» **Exercise details**: Transcribe only the stretch of lines that opens with the line containing "russian doll clip art free - photo #38" and closes with the last line of the listing, skipping pictures.

» **Supplied data**:
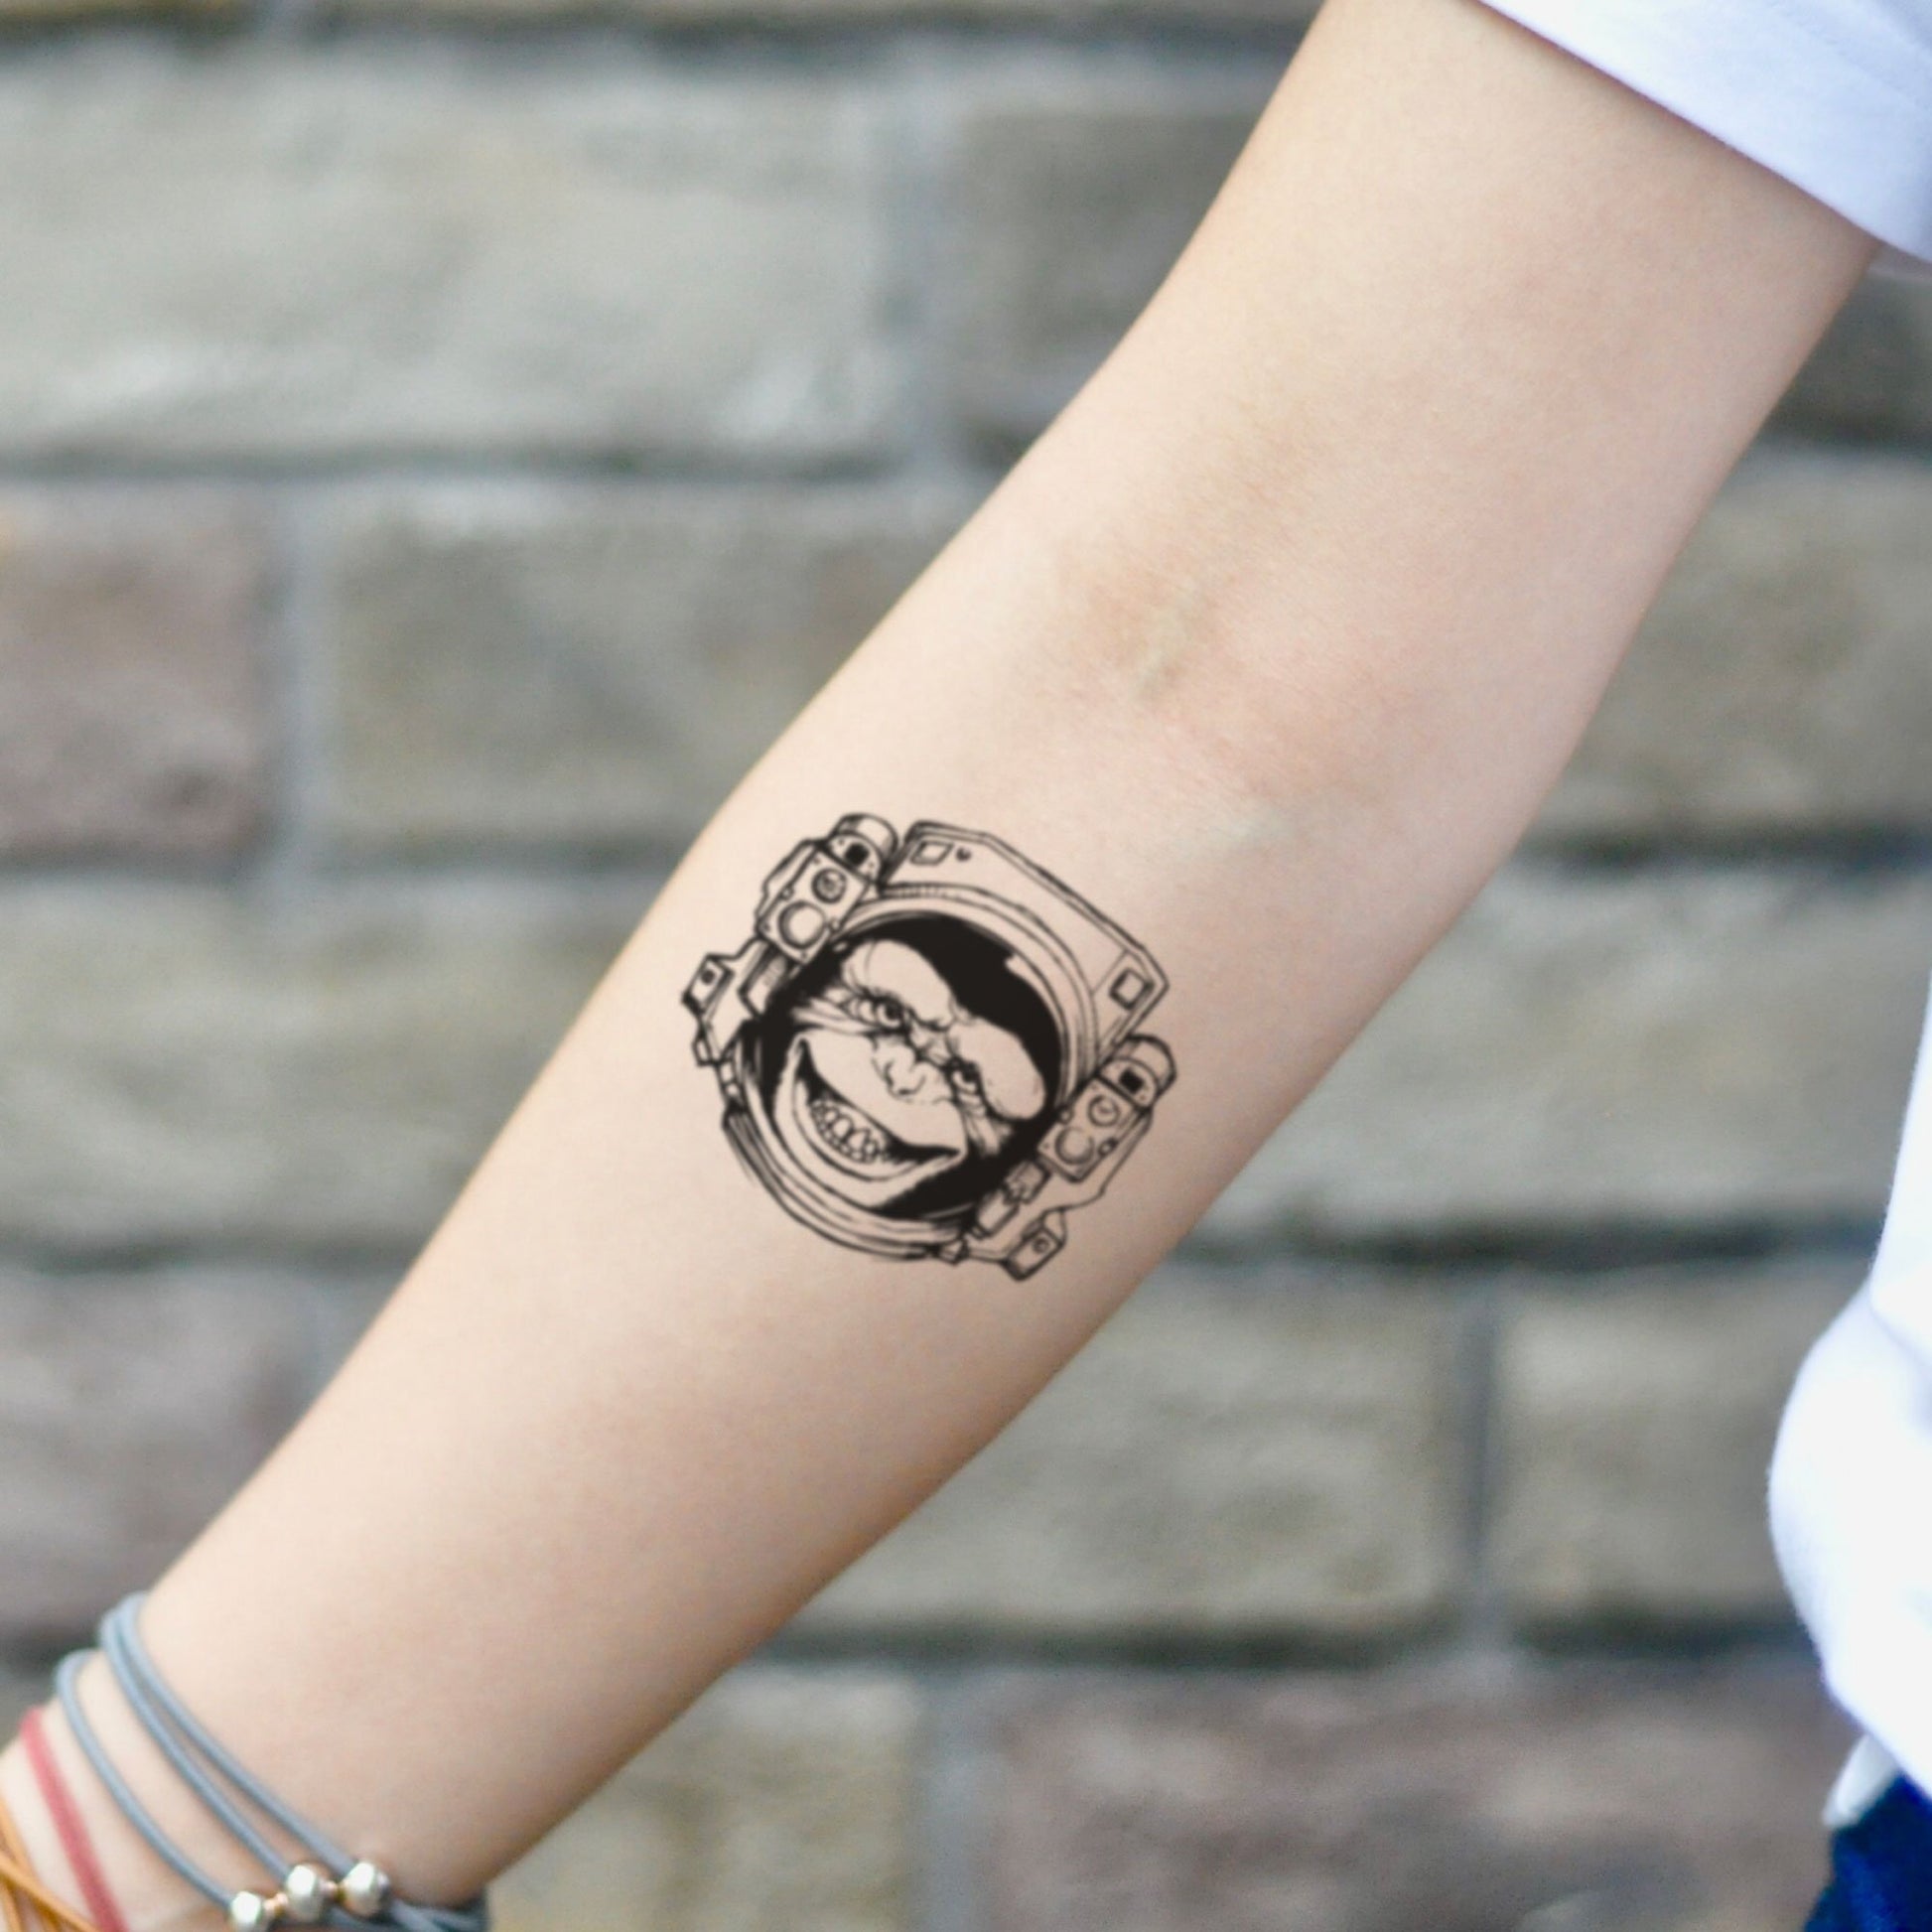 fake small space monkey new school astronaut animal temporary tattoo sticker design idea on inner arm
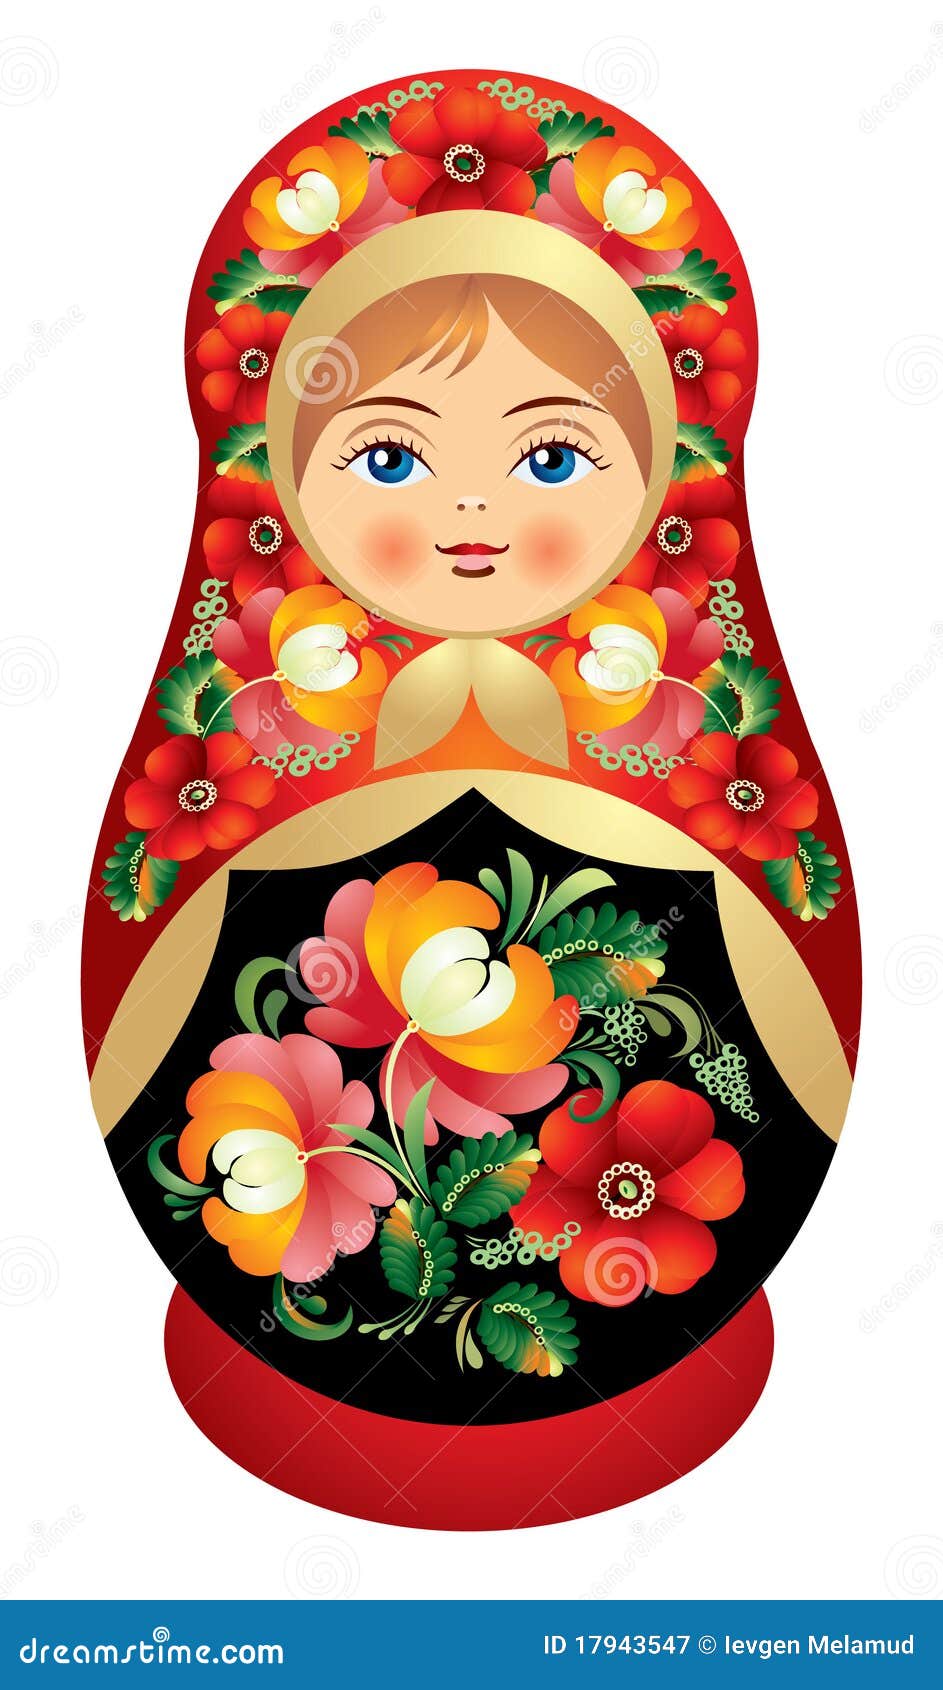 russian doll clip art free - photo #38
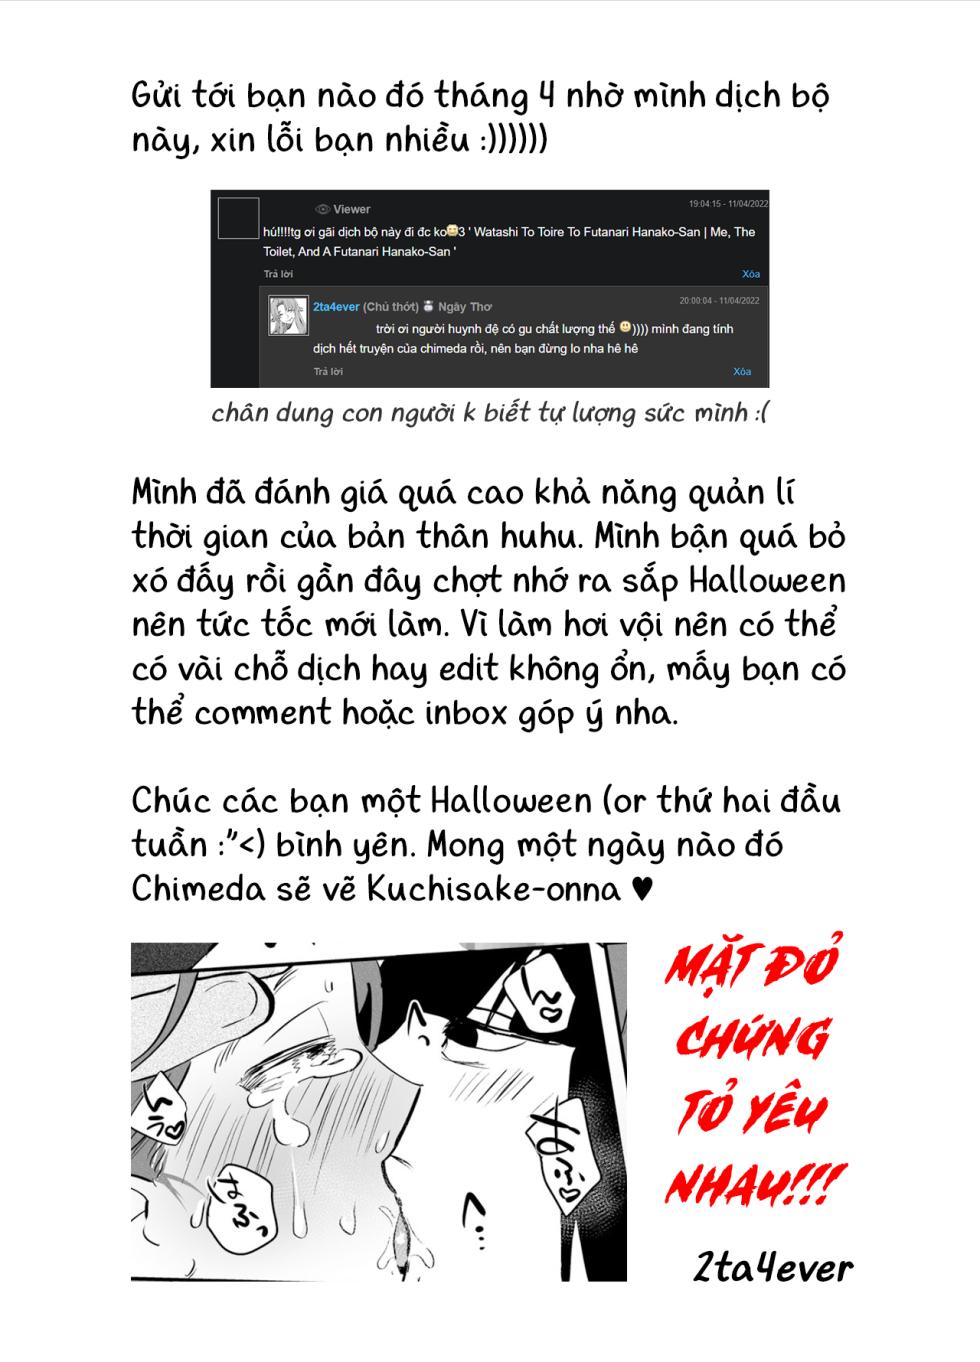 [Tosha Pink (Chimeda)] Watashi to toire to futanari Hanako-san | Mình, WC, và futanari Hanako-san [Vietnamese Tiếng Việt] [2ta4ever] - Page 35
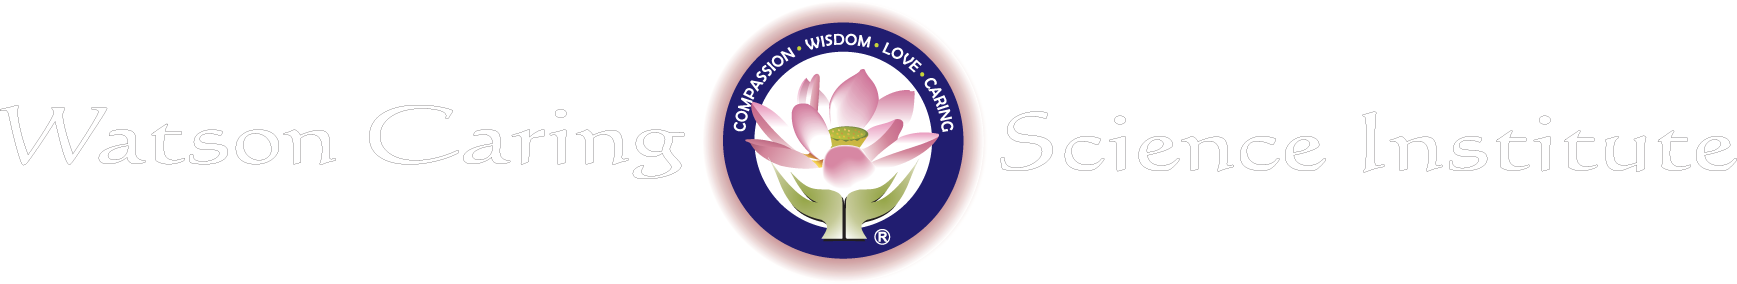 Watson Caring Science Institute logo

» **Solution to this exercise**:
 russian doll clip art free - photo #38
 [Tosha Pink (Chimeda)] Watashi to toire to futanari Hanako-san | Mình, WC, và futanari Hanako-san [Vietnamese Tiếng Việt] [2ta4ever] - Page 35
 Watson Caring Science Institute logo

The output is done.